We conducted our audits in accordance with the standards of the Public Company Accounting Oversight Board (United States of America). Those standards require that we plan and perform the audit to obtain reasonable assurance about whether the financial statements are free of material misstatement. The company is not required to have, nor were we engaged to perform, an audit of its internal control over financial reporting. Our audit included consideration of internal control over financial reporting as a basis for designing audit procedures that are appropriate in the circumstances, but not for the purpose of expressing an opinion on the effectiveness of the companys internal control over financial reporting. Accordingly, we express no such opinion. An audit also includes examining, on a test basis, evidence supporting the amounts and disclosures in the financial statements, assessing the accounting principles used and significant estimates made by management, as well as evaluating the overall financial statement presentation. We believe that our audits provide a reasonable basis for our opinion.

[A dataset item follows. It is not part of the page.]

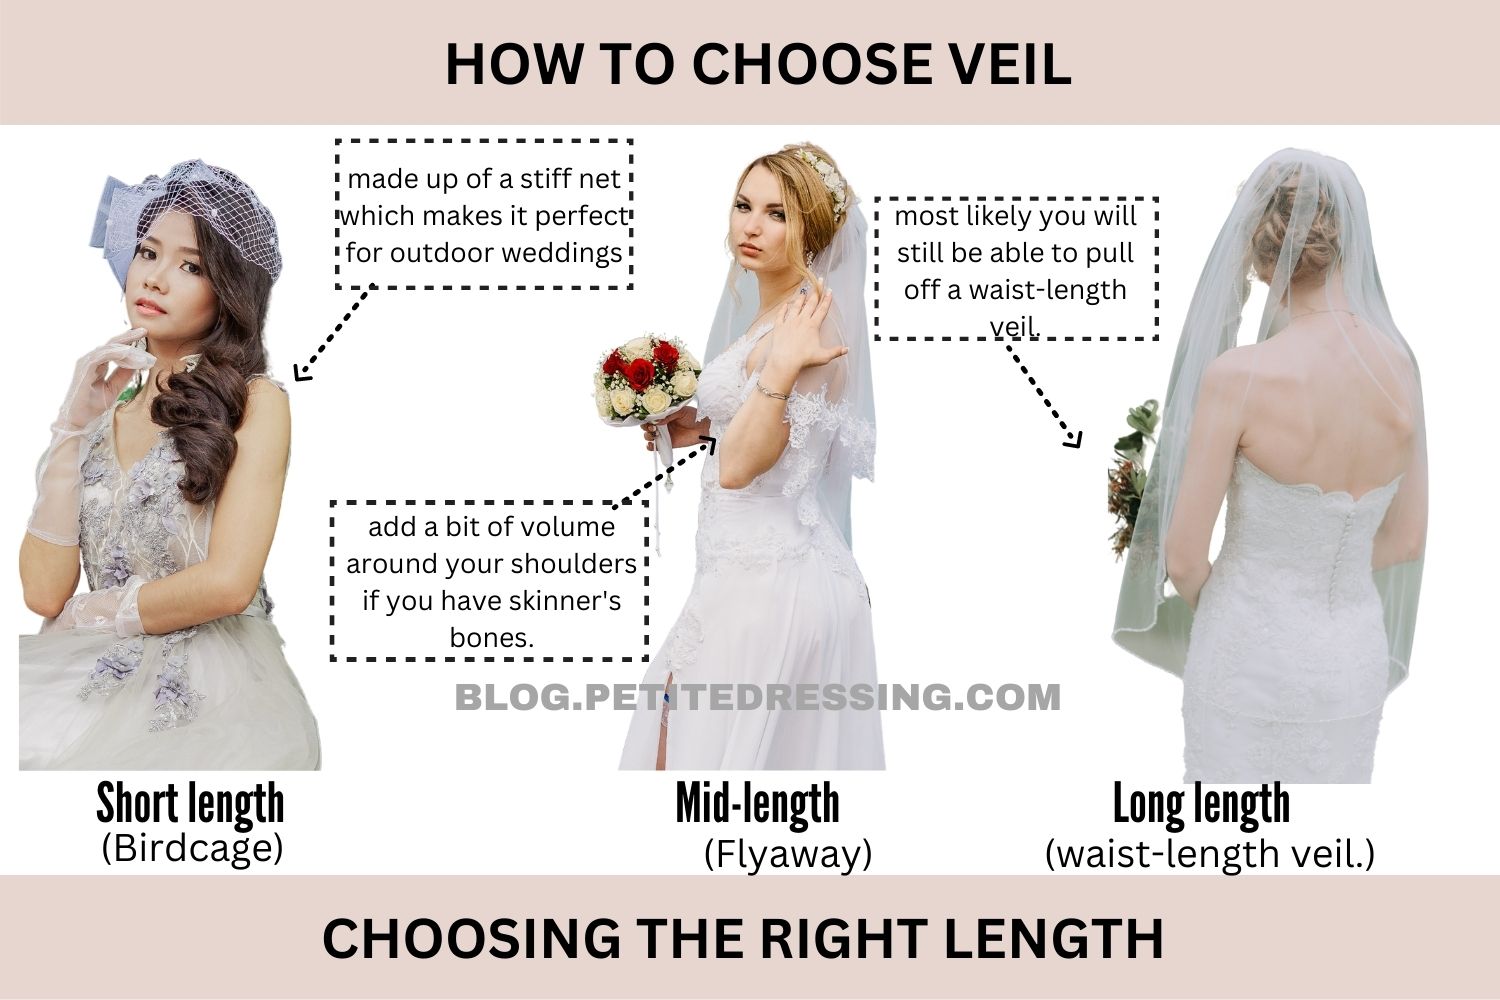 3 Considerations When Choosing The Right Types Of Wedding Veil

In our opinion, the financial statements referred to above present fairly, in all material respects, the financial position of China RuiTai International Holdings Co., Ltd. as of December 31, 2006 and October 31, 2006, and the results of its operations, stockholders deficit and its cash flows for the two months ended December 31, 2006 and year ended October 31, 2006, in conformity with accounting principles generally accepted in the United States of America.

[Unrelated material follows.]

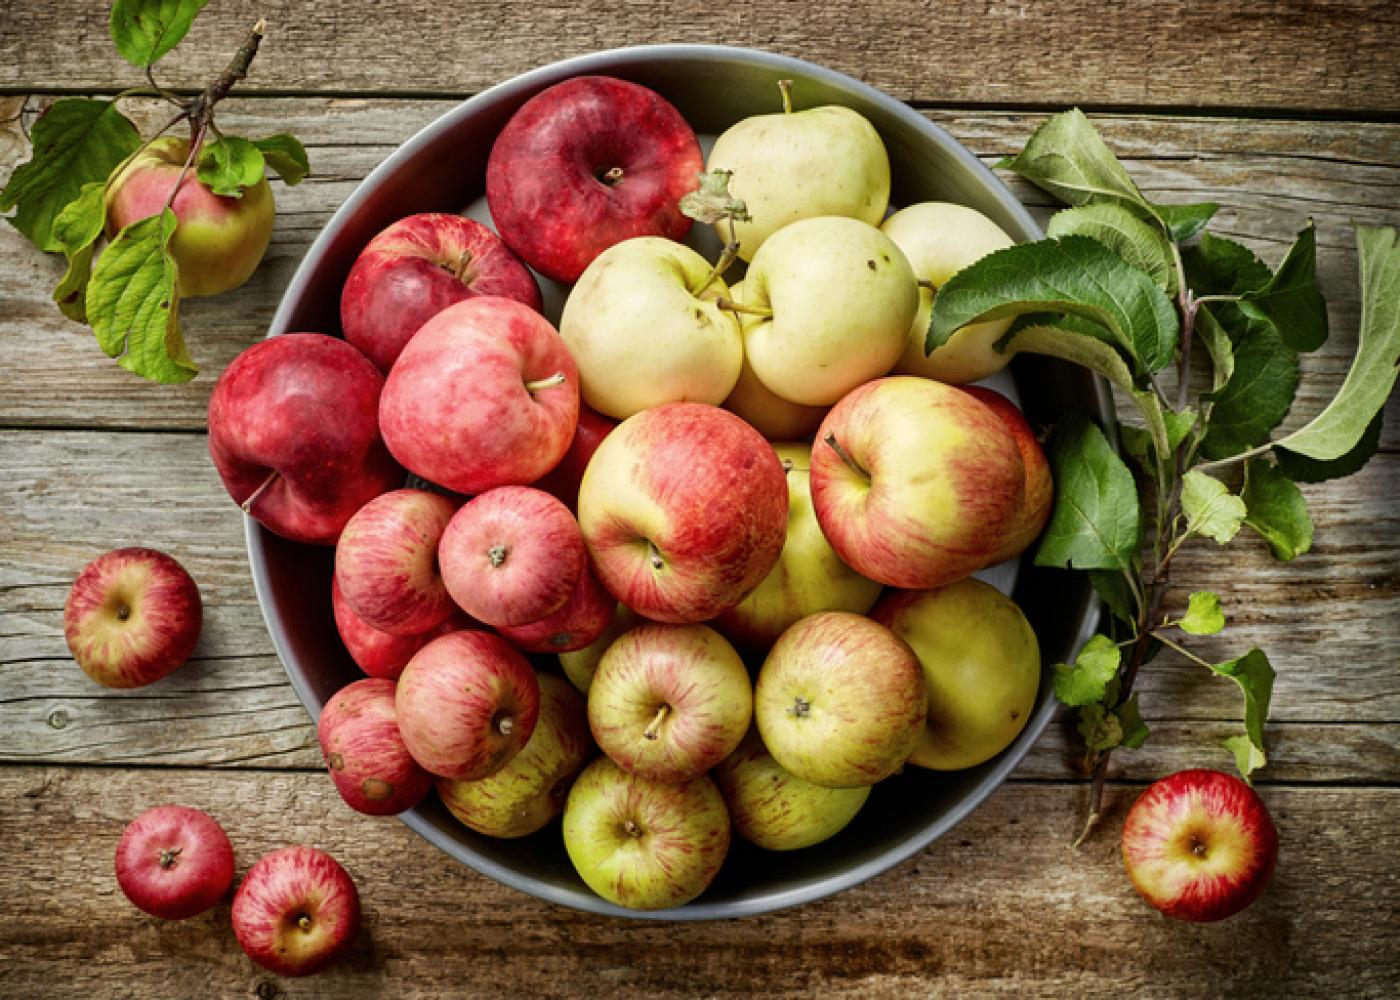 What else you need to know about apples

The accompanying financial statements referred to above have been prepared assuming that the Company will continue as a going concern. As discussed in Note 5 to the financial statements, the Company is in the development stage, and has no established source of revenue to sustain operations. These factors raise substantial doubt that the Company will be able to continue as a going concern. The financial statements do not include any adjustments that might result from the outcome of this uncertainty.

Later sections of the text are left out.